Les enseignants doivent respecter les élèves pour leur démarche d’étudiant et l’énergie qu’ils dépensent à apprendre, même s’ils ont des difficultés.
Certaines personnes sont douées, d’autres moins. Il arrive de constater que certaines personnes parce qu’elles sont douées se dispensent de s’engager dans une vraie recherche… À contrario, on retrouvera bien souvent chez des pratiquants ayant de grandes difficultés, des personnes très assidues et très engagées.

Les élèves, quant à eux, doivent tenir en estime la connaissance du professeur, pour le travail qu’il lui a fallu donner pour l’acquérir, et sa recherche ainsi que son engagement dans sa pratique et son enseignement. Il est à noter que l’enseignant cherche constamment à comprendre comment un élève fonctionne et comment lui adapter au mieux son enseignement.

Guillaume Lefeuvre

L’ASSIDUITE

La régularité et l’engagement total (corps et esprit) dans la pratique sont les conditions indispensables à l’apprentissage des techniques.

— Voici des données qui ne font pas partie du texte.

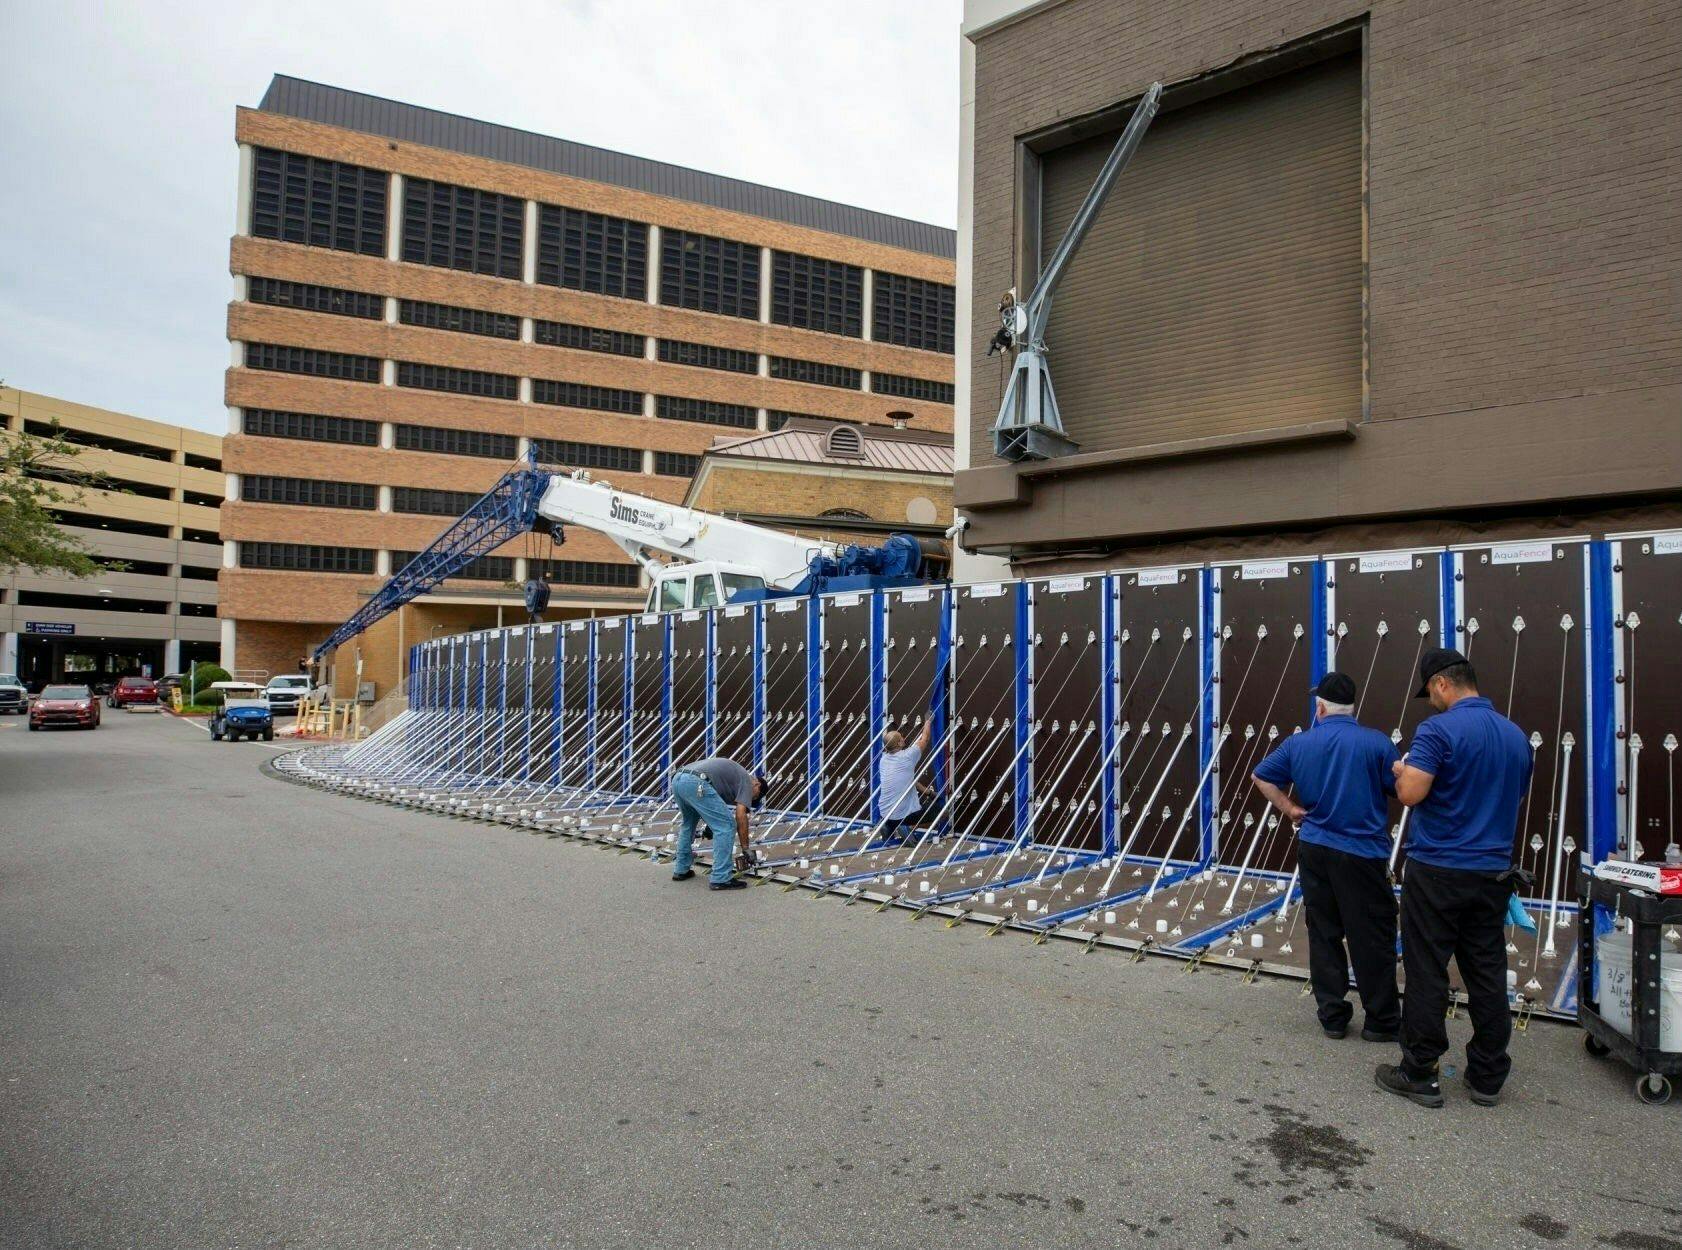 In addition to the AquaFence, Tampa General Hospital has detailed plans for delivery of fuel and other key supplies in a hurricane. (Photo: Tampa General Hospital)

Ils requièrent courage et volonté de dépassement de soi ; les progrès dans la maîtrise de la discipline et la joie qu’ils procurent sont à ce prix.

Par ailleurs, la ponctualité de chacun participe à l’harmonie du groupe.

LES HORAIRES

Ils sont à respecter dans la mesure du possible. En tout état de cause l’arrivée et l’intégration dans le cours doivent se faire avec délicatesse, respect et discrétion. Il faut saluer le sabre et attendre en seiza sur le côté de l’aire de pratique. C’est à l’enseignant d’indiquer l’entrée dans le cours.

Ces principes indispensables sont à respecter par tous sans exception et restent à approfondir par chacun avec l’aide du professeur et des anciens.